Monday, January 16, 2012

Momofuku- KO (Adam Platt's review)


The murmuring, deferential patrons who manage to find a spot at the modest, twelve-seat bar are chosen at random, by a computerized system that seems designed not to entice people to dine at Momofuku Ko but to drive them away. These seats can be booked only a week in advance, and only by logging on to the Momofuku Website. The computer begins taking reservations each morning at ten o’clock, and thanks to the legions of devoted and increasingly frantic Chang groupies (the 30-year-old chef was just nominated for his third James Beard award, and has been the subject of many glowing profiles in many glossy magazines), they’re gone not in minutes but in seconds. Under these trying conditions, getting in the door once, let alone the three times most critics prefer, could take months or even years.

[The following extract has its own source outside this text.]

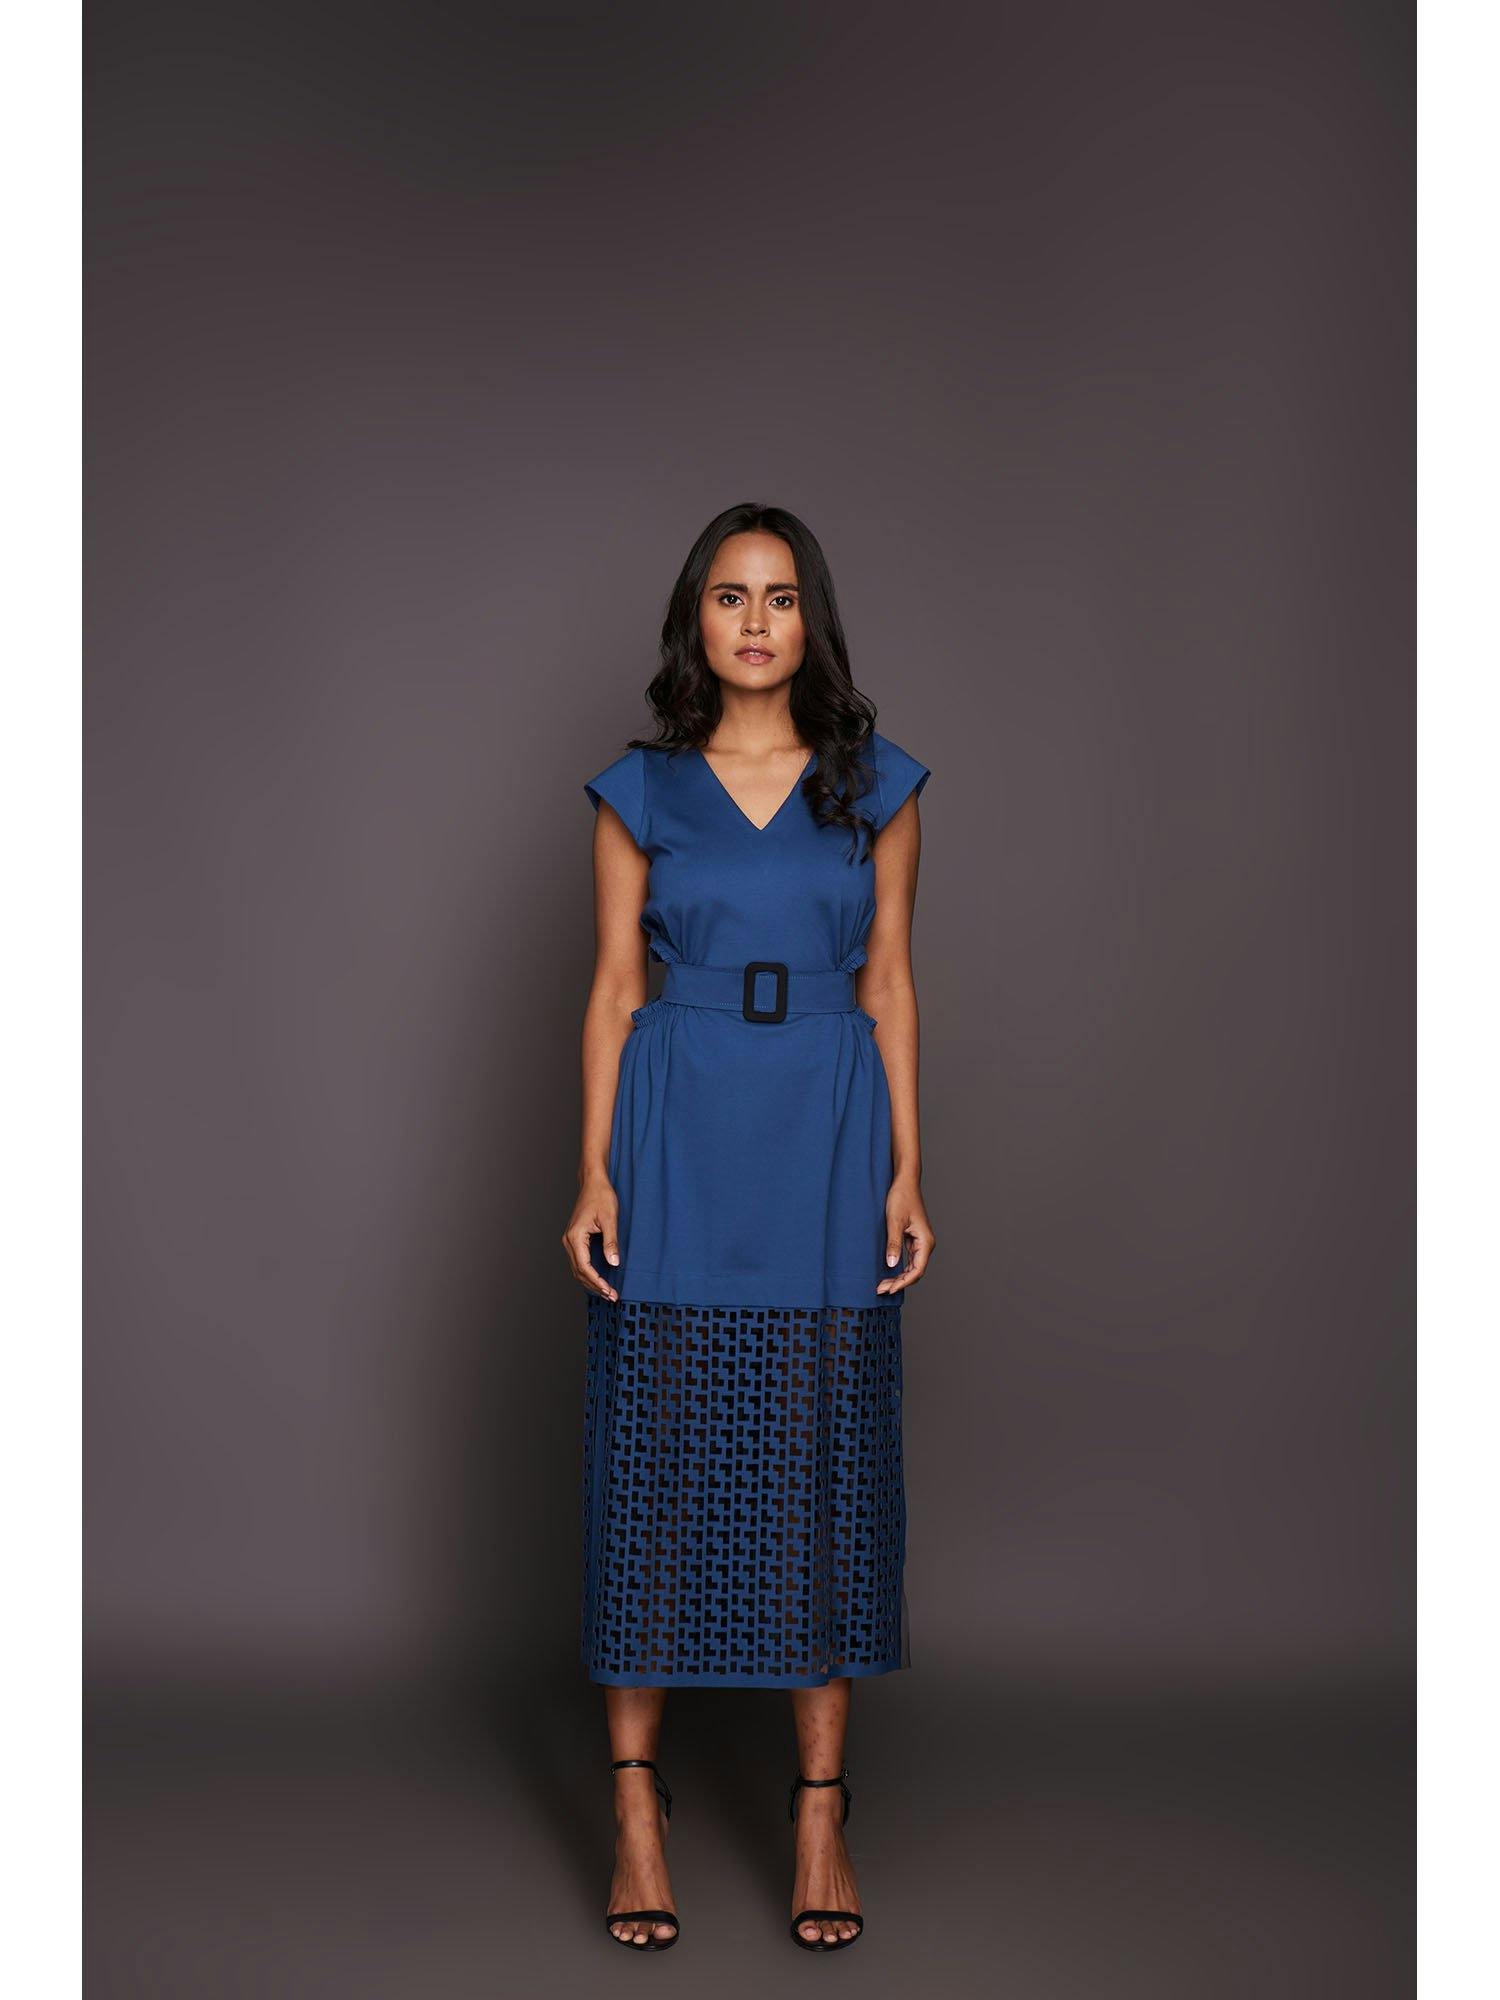 blue dress with cutwork at the bottom, a product by Deepika Arora
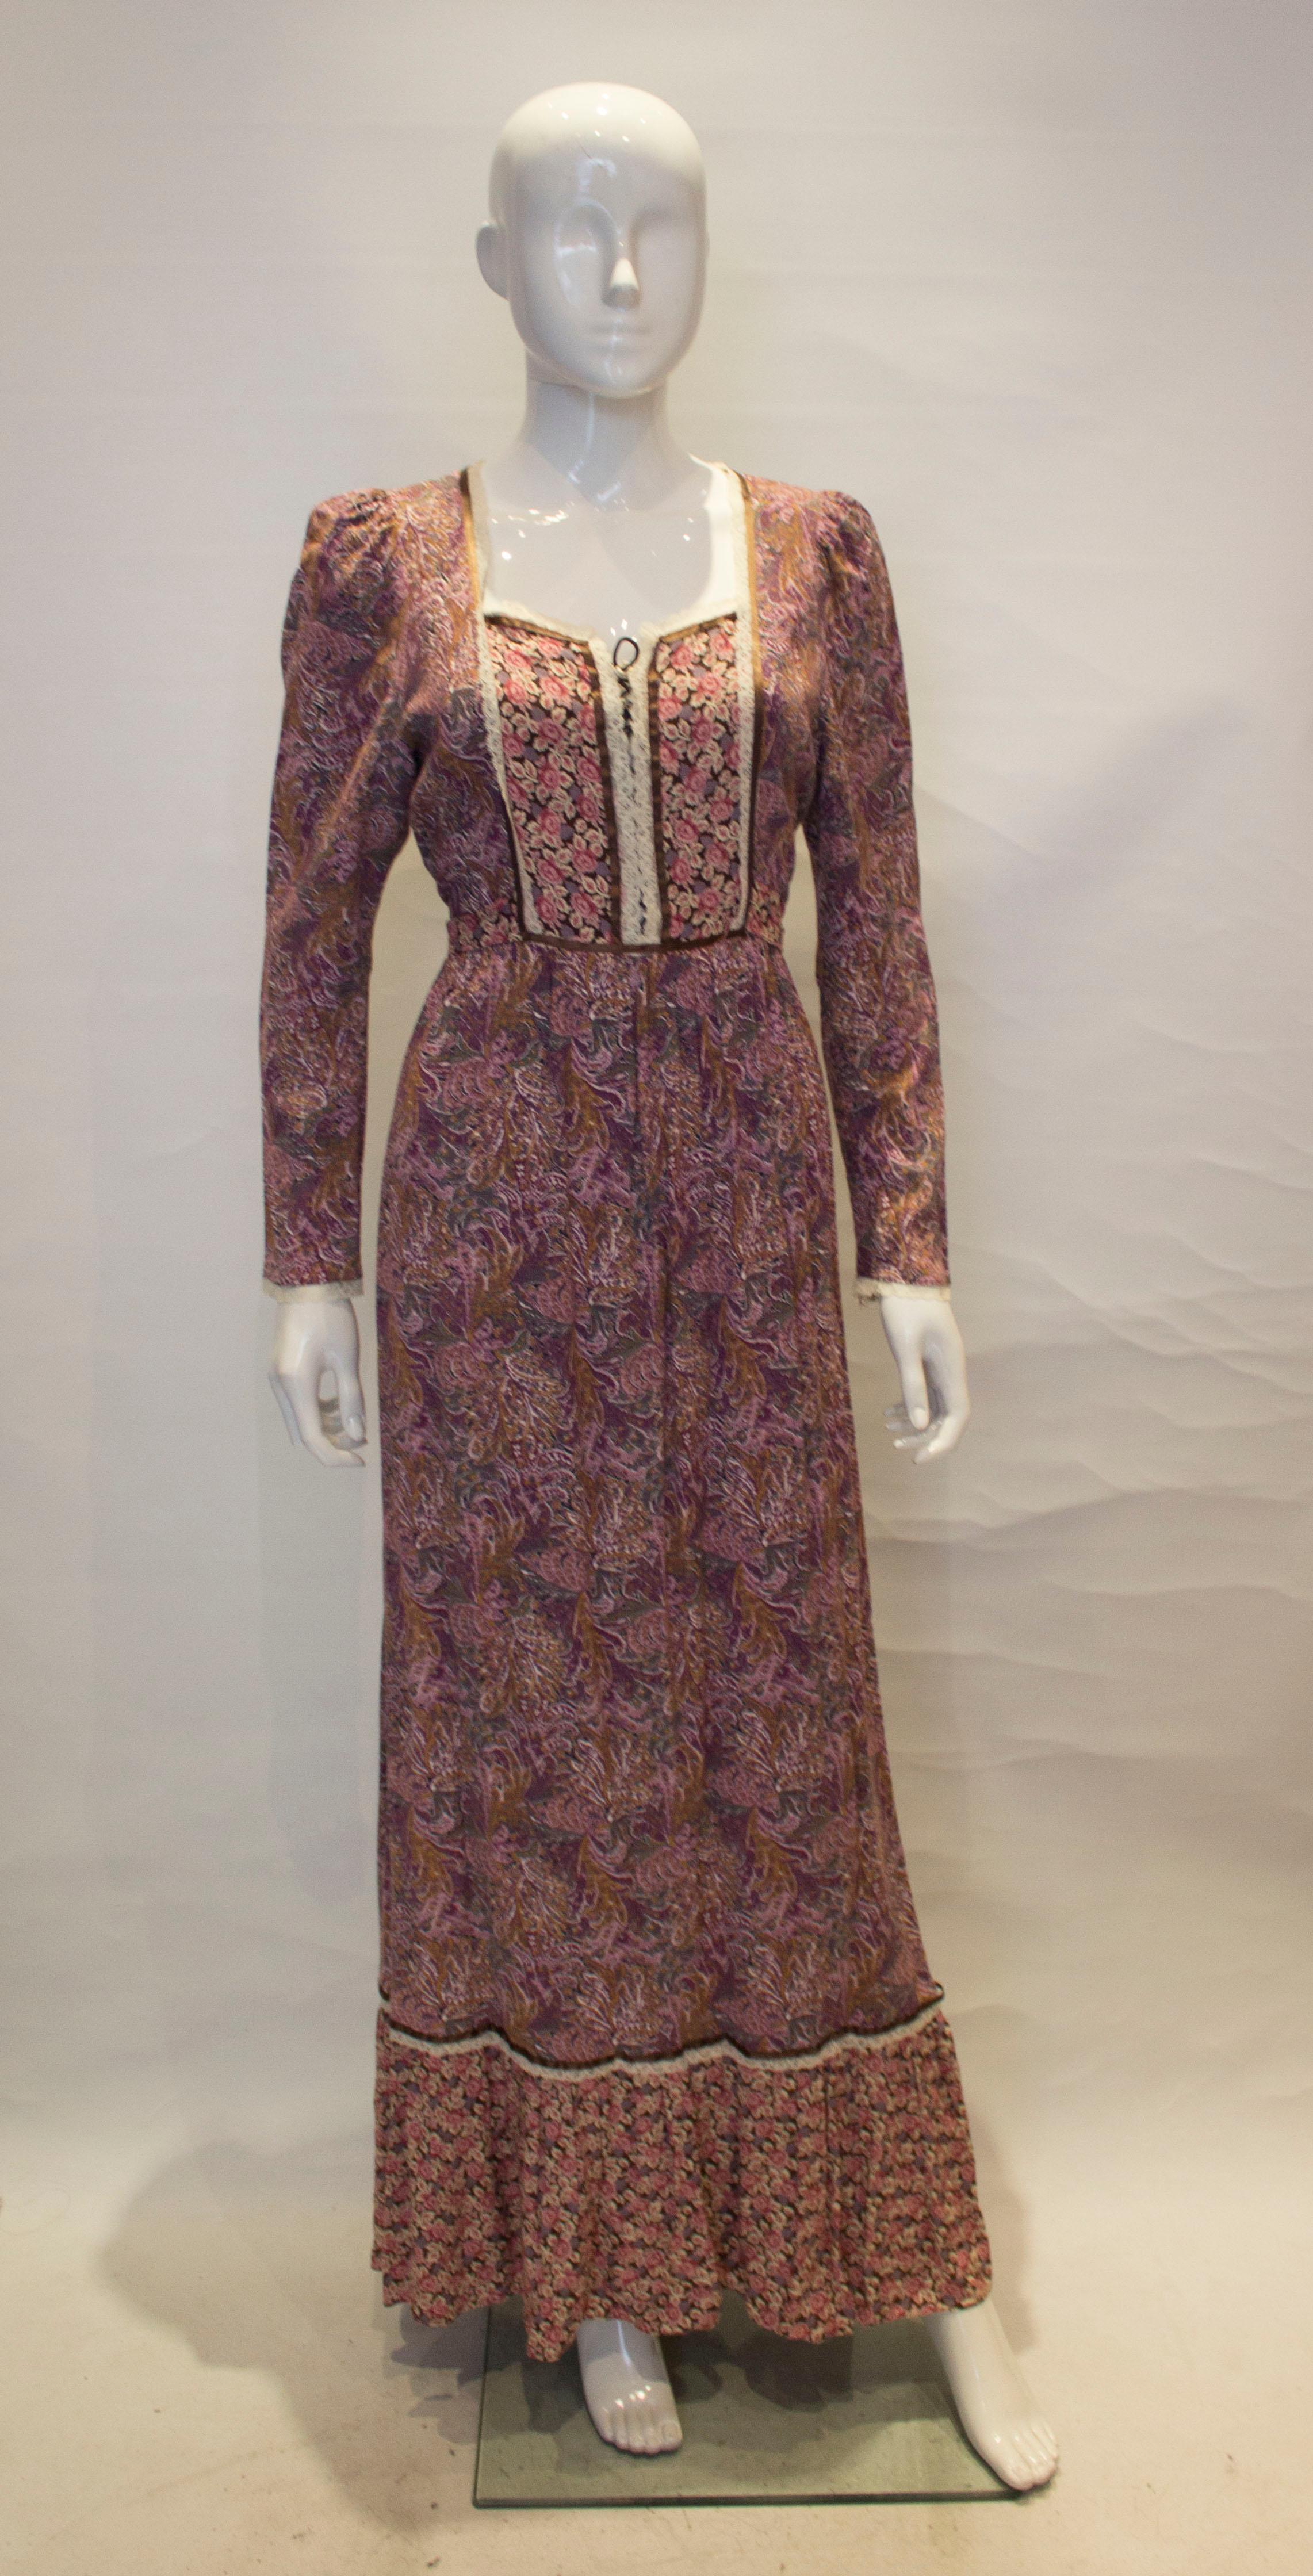 A fun vintage dress by Concepts by Samuel Sherman.  The dress is a great clash of prints, with a lace and lace up detail on the front. It has a central back zip, frill at the hem and sel fabric waist tie.

So how do you crack this fiendishly egalitarian, New Age reservation system? It helps to have the services of many diligent assistants willing to peck at their keyboards like gaming zombies for an entire week. Is it worth the aggravation? This depends, I suppose, on your point of view. One reason Chang is regarded as a revolutionary by a new generation of diners and cooks is his gleeful willingness to take the old-line, haute cuisine restaurant conceits and smash them to bits, while still cooking inventive, high-quality food. The name of this willfully anonymous anti-restaurant is barely visible on the door, and the façade is sheathed in what looks like high-tech chicken wire. Inside, there are no waiters, no decorations on the plain butcher-block walls, and no printed menu. Chang’s inspiration is the classic Japanese bar-dining model practiced, most notably in New York, by Masa Takayama at his uptown restaurant, Masa. But the price of a single omakase meal at Masa is $400. At Momofuku Ko, my leisurely, inventive, often wickedly delicious ten-course dinner cost $125.